### YOUR TASK
Take the lines below from the first through the one that contains "Graphic: Colorado Wonders logo" and copy them exactly.

### RECORDS PROVIDED
▬▬▬▬▬▬▬▬▬▬
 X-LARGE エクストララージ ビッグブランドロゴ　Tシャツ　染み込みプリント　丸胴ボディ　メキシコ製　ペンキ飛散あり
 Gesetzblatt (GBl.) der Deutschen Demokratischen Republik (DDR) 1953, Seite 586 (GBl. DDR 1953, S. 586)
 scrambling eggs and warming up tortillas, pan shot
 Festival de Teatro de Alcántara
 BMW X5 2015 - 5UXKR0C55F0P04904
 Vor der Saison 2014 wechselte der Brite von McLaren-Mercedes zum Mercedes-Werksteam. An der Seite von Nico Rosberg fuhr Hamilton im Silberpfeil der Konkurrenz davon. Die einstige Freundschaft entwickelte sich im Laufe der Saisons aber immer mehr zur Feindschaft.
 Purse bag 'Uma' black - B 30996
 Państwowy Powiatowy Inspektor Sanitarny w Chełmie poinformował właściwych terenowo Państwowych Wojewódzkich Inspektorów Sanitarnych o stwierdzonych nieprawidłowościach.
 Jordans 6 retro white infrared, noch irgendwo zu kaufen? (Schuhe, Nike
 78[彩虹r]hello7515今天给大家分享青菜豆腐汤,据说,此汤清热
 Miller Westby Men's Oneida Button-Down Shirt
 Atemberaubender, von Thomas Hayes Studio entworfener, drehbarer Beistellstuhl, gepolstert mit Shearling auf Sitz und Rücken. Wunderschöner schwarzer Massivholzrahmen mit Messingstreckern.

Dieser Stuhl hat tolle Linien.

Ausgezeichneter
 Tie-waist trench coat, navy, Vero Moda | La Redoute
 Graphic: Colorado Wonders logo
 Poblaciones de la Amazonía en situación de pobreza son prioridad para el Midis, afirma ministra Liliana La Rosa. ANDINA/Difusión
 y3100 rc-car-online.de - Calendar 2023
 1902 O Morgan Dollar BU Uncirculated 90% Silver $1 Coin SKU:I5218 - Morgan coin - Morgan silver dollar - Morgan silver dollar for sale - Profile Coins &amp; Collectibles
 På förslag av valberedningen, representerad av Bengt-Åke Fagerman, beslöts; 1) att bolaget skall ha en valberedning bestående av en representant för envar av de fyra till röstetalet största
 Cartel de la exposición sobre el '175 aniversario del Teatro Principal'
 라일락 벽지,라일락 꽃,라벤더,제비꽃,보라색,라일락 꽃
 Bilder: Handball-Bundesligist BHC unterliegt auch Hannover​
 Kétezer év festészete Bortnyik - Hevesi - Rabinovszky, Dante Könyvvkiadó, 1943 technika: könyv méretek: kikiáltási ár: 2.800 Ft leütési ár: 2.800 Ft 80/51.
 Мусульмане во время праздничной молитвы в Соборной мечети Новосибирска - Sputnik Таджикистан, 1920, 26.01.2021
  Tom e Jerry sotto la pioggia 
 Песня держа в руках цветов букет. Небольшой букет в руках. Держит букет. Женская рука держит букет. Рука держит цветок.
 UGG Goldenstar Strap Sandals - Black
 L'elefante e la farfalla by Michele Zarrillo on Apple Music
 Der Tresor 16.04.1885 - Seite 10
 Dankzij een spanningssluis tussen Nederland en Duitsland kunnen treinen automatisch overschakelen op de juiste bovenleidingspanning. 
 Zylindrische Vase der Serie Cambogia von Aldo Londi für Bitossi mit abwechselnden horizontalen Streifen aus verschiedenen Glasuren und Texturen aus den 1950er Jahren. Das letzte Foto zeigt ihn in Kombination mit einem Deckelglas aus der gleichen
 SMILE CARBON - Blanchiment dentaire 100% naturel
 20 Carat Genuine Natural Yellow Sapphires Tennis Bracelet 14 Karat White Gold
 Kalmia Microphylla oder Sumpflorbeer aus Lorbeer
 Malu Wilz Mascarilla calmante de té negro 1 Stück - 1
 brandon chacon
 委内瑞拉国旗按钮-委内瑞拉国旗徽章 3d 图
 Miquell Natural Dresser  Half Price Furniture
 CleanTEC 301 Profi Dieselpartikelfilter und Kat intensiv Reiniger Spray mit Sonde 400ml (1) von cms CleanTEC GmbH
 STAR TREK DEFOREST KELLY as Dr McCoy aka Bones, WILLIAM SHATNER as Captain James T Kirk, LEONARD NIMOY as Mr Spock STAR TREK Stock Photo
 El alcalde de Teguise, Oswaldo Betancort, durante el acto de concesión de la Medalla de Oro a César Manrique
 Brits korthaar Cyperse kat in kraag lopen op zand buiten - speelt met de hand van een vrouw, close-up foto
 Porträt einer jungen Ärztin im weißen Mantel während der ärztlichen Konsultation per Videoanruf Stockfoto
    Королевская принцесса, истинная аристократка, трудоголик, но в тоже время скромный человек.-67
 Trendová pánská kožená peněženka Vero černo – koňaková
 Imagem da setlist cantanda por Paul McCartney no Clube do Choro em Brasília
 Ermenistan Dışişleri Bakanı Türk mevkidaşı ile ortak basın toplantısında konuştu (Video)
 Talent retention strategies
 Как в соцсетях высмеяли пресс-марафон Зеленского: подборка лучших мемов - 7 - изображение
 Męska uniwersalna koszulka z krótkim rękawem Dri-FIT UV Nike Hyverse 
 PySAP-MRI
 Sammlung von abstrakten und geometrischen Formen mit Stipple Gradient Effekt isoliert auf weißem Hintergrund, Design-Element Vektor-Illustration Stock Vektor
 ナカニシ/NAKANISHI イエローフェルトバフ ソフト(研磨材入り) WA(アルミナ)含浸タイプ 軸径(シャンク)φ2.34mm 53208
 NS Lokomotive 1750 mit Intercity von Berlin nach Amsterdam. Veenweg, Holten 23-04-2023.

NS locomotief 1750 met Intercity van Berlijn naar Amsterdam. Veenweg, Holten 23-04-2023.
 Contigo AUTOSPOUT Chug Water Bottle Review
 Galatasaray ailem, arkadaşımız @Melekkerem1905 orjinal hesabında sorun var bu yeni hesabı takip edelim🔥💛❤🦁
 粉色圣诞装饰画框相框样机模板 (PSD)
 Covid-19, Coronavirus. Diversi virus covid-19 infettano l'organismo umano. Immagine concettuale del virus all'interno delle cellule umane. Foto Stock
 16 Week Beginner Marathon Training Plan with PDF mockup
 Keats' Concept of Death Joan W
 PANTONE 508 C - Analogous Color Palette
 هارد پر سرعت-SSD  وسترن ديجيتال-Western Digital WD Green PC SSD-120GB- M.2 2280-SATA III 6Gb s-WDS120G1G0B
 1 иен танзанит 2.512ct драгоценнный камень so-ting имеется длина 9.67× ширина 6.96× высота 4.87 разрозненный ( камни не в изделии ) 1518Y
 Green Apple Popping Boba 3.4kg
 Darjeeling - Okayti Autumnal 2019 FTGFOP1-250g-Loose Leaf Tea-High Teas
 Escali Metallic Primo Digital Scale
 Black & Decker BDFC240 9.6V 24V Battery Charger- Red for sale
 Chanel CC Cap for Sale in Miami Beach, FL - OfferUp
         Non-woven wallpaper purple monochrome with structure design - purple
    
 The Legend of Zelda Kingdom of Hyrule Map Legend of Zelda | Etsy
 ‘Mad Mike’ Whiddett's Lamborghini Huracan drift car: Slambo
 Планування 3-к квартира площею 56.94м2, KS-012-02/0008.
▬▬▬▬▬▬▬▬▬▬
### SOLVED EXERCISE
 X-LARGE エクストララージ ビッグブランドロゴ　Tシャツ　染み込みプリント　丸胴ボディ　メキシコ製　ペンキ飛散あり
 Gesetzblatt (GBl.) der Deutschen Demokratischen Republik (DDR) 1953, Seite 586 (GBl. DDR 1953, S. 586)
 scrambling eggs and warming up tortillas, pan shot
 Festival de Teatro de Alcántara
 BMW X5 2015 - 5UXKR0C55F0P04904
 Vor der Saison 2014 wechselte der Brite von McLaren-Mercedes zum Mercedes-Werksteam. An der Seite von Nico Rosberg fuhr Hamilton im Silberpfeil der Konkurrenz davon. Die einstige Freundschaft entwickelte sich im Laufe der Saisons aber immer mehr zur Feindschaft.
 Purse bag 'Uma' black - B 30996
 Państwowy Powiatowy Inspektor Sanitarny w Chełmie poinformował właściwych terenowo Państwowych Wojewódzkich Inspektorów Sanitarnych o stwierdzonych nieprawidłowościach.
 Jordans 6 retro white infrared, noch irgendwo zu kaufen? (Schuhe, Nike
 78[彩虹r]hello7515今天给大家分享青菜豆腐汤,据说,此汤清热
 Miller Westby Men's Oneida Button-Down Shirt
 Atemberaubender, von Thomas Hayes Studio entworfener, drehbarer Beistellstuhl, gepolstert mit Shearling auf Sitz und Rücken. Wunderschöner schwarzer Massivholzrahmen mit Messingstreckern.

Dieser Stuhl hat tolle Linien.

Ausgezeichneter
 Tie-waist trench coat, navy, Vero Moda | La Redoute
 Graphic: Colorado Wonders logo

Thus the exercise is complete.